この男は、私のバストにまったく見向きもしないのだ。
じっと私の目を見ている。なんだか緊張してしまう。
幼い頃の対人恐怖症がぶり返しそうだった。
このバストに見向きもしない男がいるわけがない。
きっと事故で混乱していて、余裕がないだけに違いない。
私はブラウスのボタンを一つ外し、バストを強調して見せた。
見えるかしら、この谷間が。
世の男性は、この谷間に顔をうずめることを夢見るのよ。
けれども、男はやっぱり見向きもしない。
やけになってもう一つボタンを外すと、もうブラジャーがしっかりと見えてしまうほどだった。
お願い、見て頂戴。
やっぱり男は見てくれない。
じっと目を見つめるだけだ。
「暑いのですか? それとも胸にお怪我を?」
少しは見てくれたのだが、他の男にみられるスケベ心が表れない。
なんでなの?
がっくりして病院にたどり着いた。
案の定、たいしたことはなかったが、少しばかり足を捻っていたようで、歩くとき少し辛かった。

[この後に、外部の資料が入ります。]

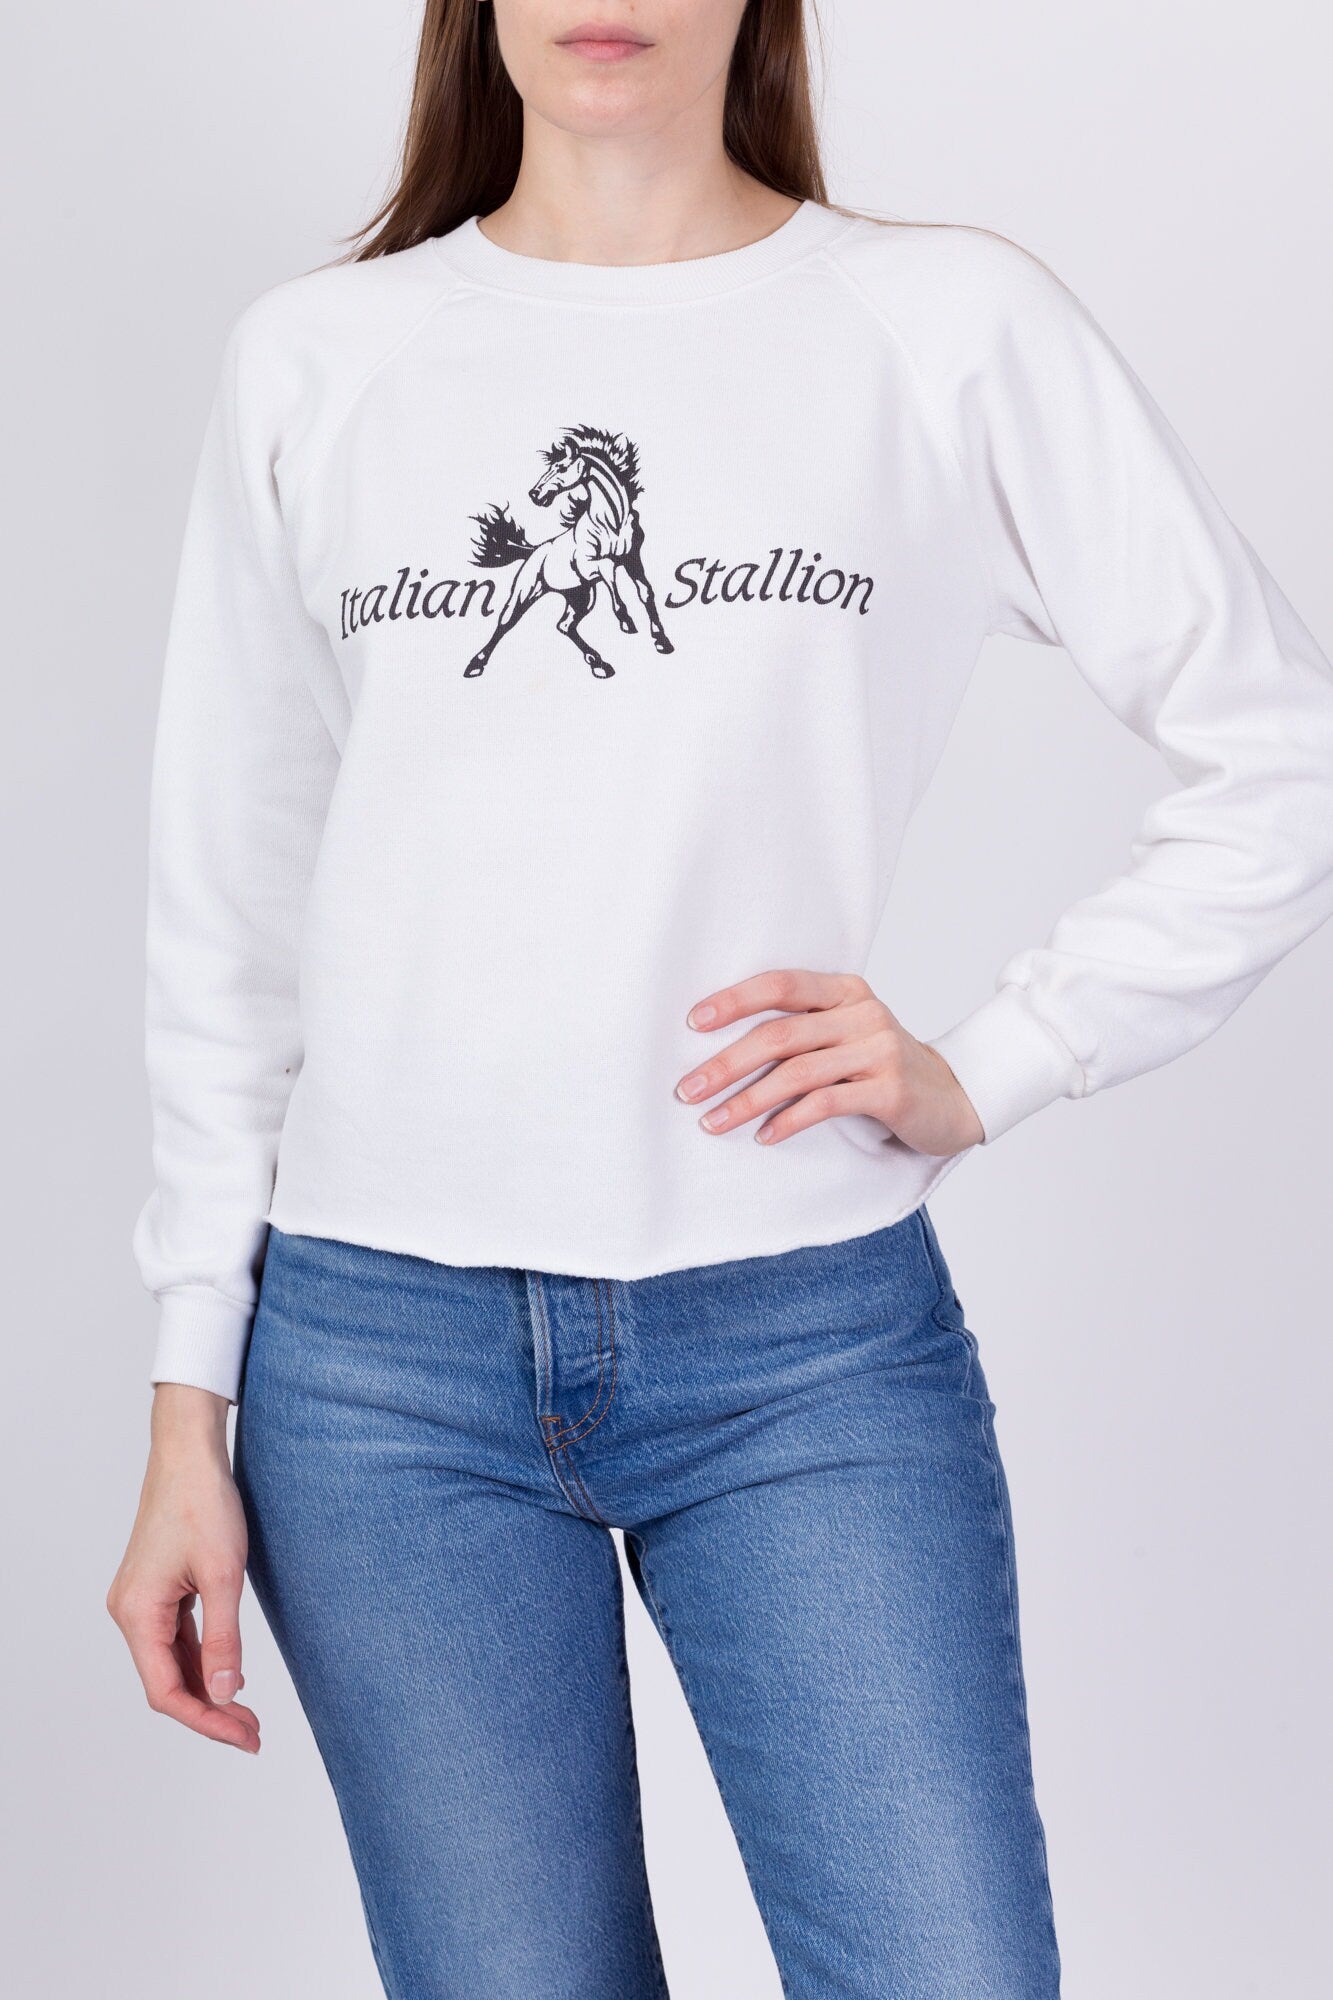 90s Italian Stallion Sweatshirt - Small to Medium 
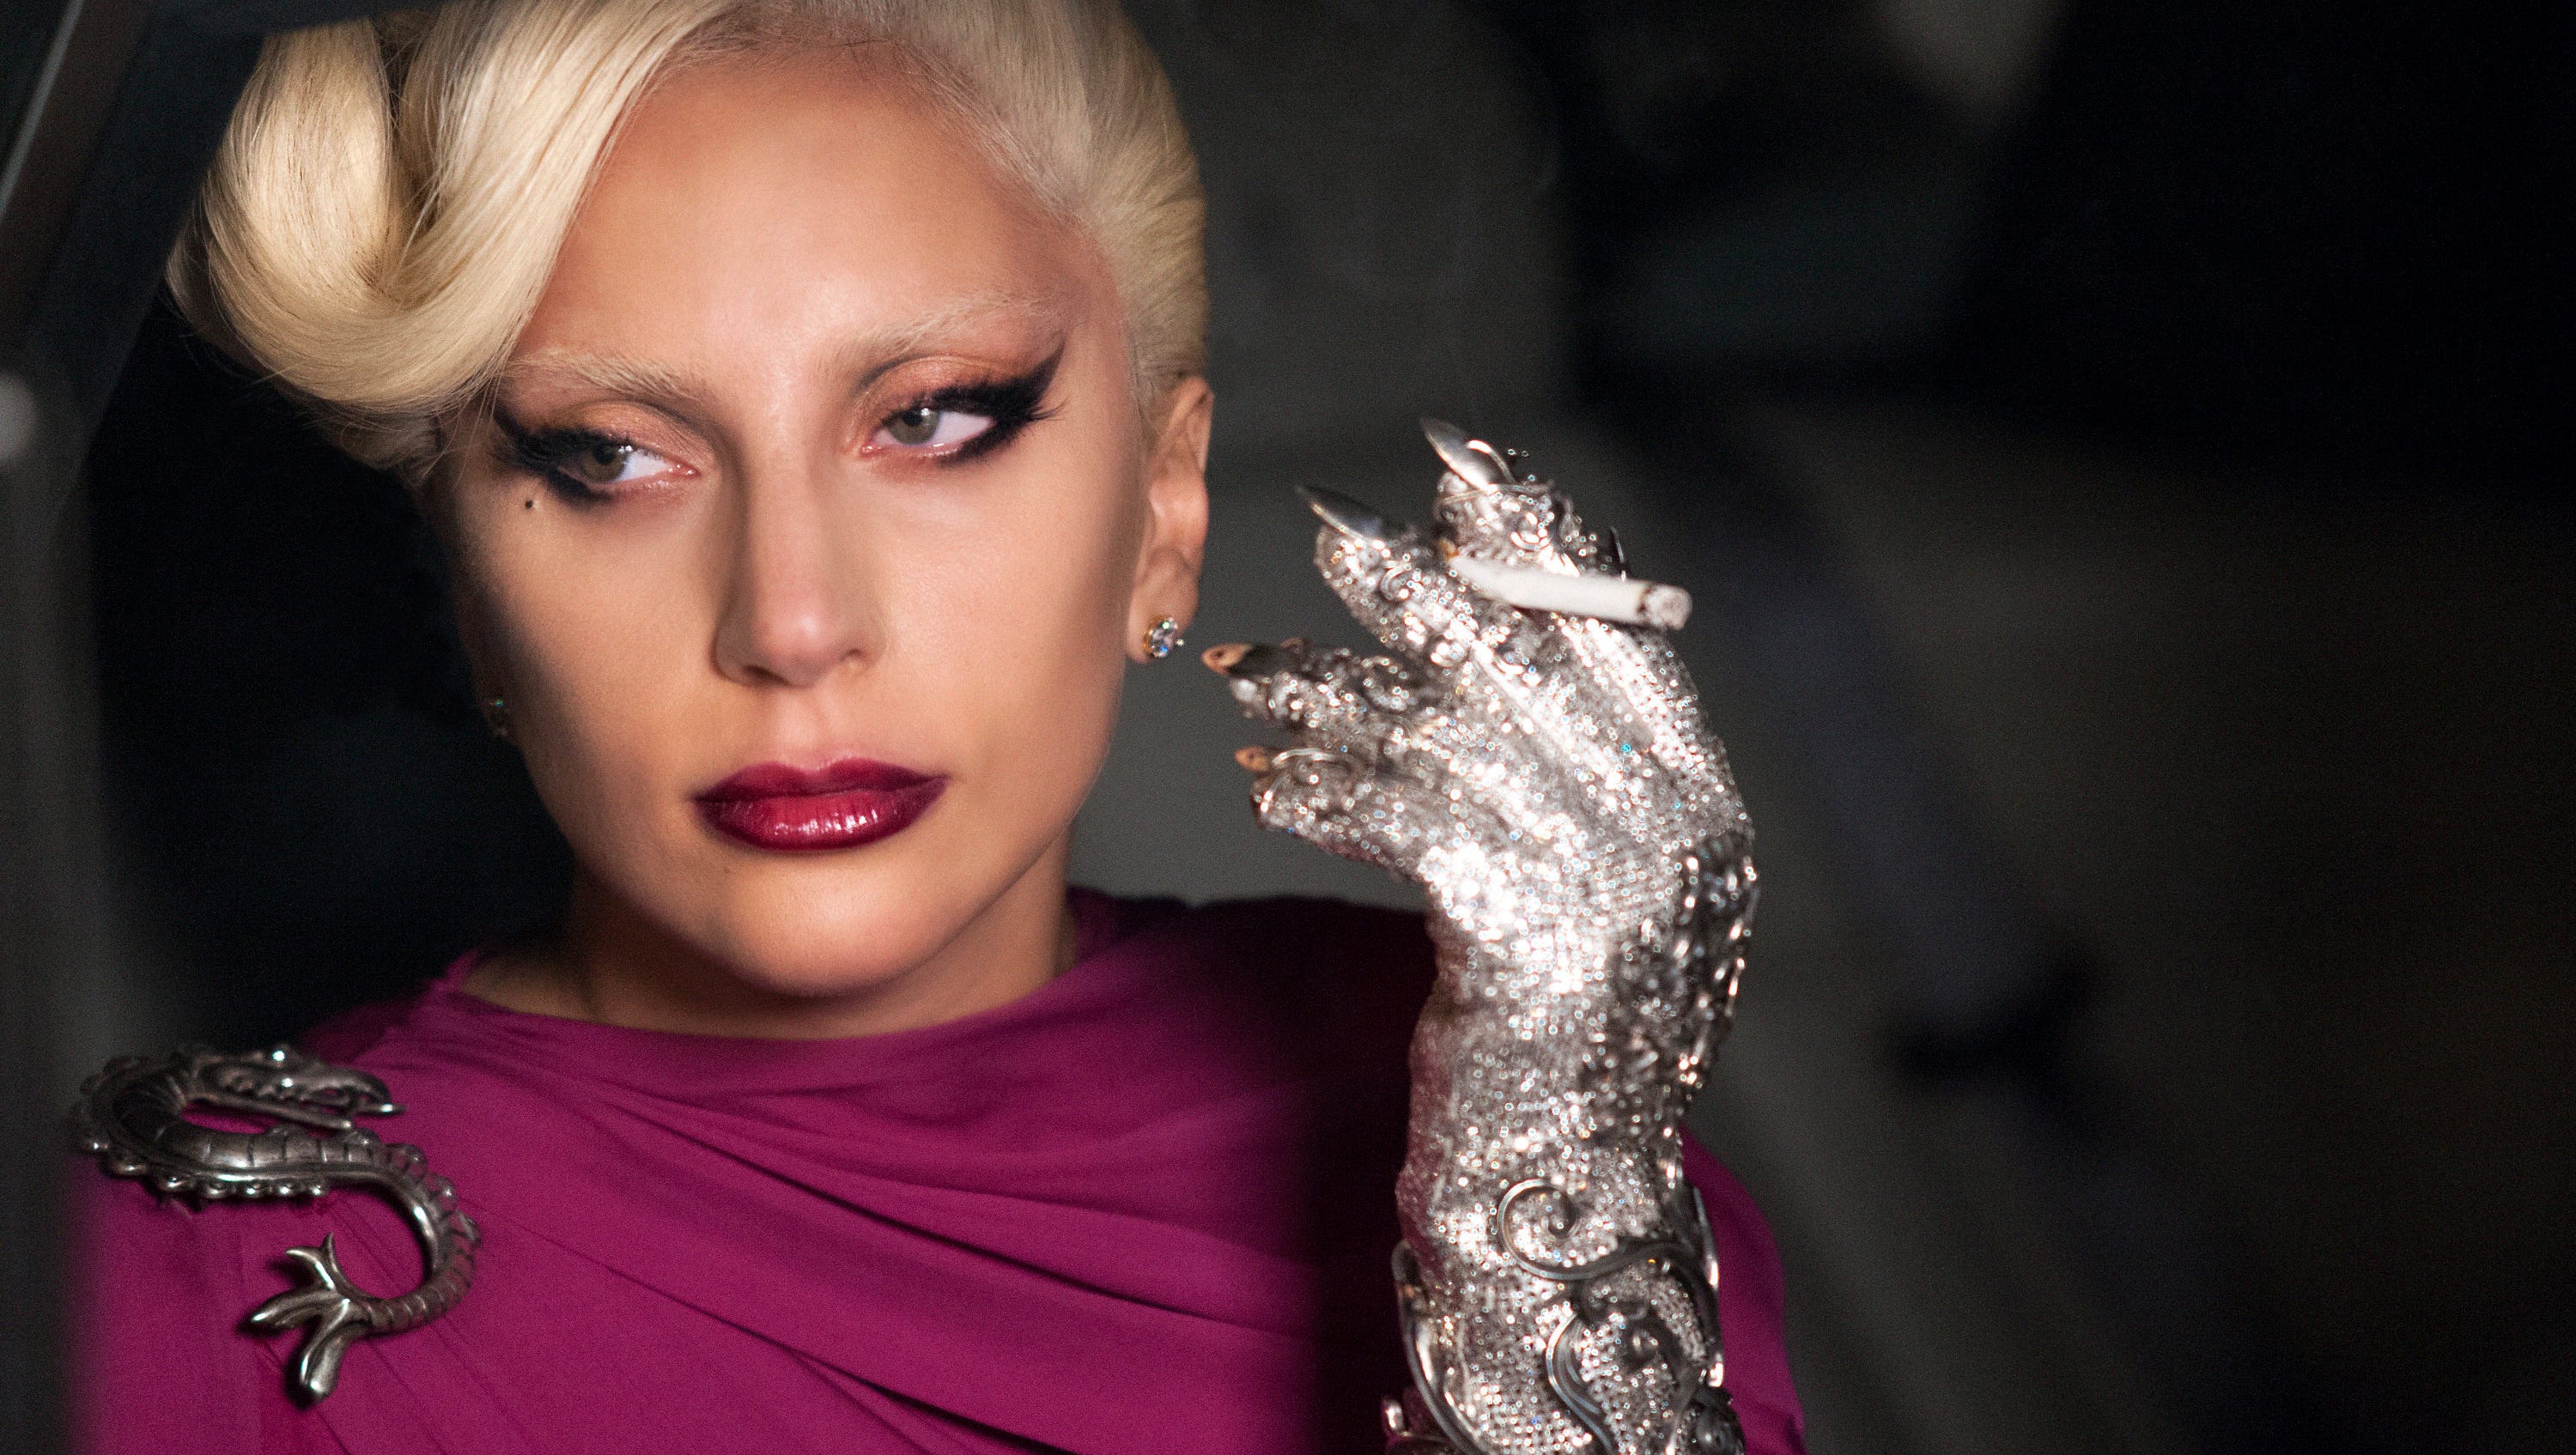 AHS: Hotel': Lady Gaga's craziest moments

男は、しばらくの間、通勤の送り迎えをすると申し出た。
断るスキも与えてくれない。
私は名前と住所、学校名を告げた。
私が高校の教師だとわかると、男は目の色が変わった。
男特有のスケベ心だ。
でもバストには注目してくれない。
なにが彼を興奮させたのであろうか?
男の名刺を頂いた。
緑川正之。
飲食店経営という肩書きの持ち主だった。
正之に送ってもらい、自分の部屋にたどり着いても、彼のことが気になって仕方がなかった。
シャワーを浴びながら、自慢のバストを丹念に洗った。
そして揉んでいく……。気持ちいい……。
こんなに大きくて柔らかいのに……。
揉み上げて、乳首を上に向けると、唇に含んだ。
ああぁぁ。
自らの舌先で、葡萄の実を転がす。
すごく気持ちい。
シャワーのお湯は、股間にあてると、より刺激が増す。
ああぁぁ。もう立っていられない。
しゃがみこんでも、バストは揉み続けた。
頭の中で、緑川に犯されている自分を想像する。
この大きく柔らかなメロンにかぶりつく緑川がすごくスケベになっていく様を思い浮かべる。
「ああぁぁ。緑川さん、もっとめちゃめちゃにしてぇ」
シャワー室内で、いつまでも声を挙げる冬美であった。
やっとベッドにつく頃、病院で原田先生をまっているのを忘れていたことに気づくのだった。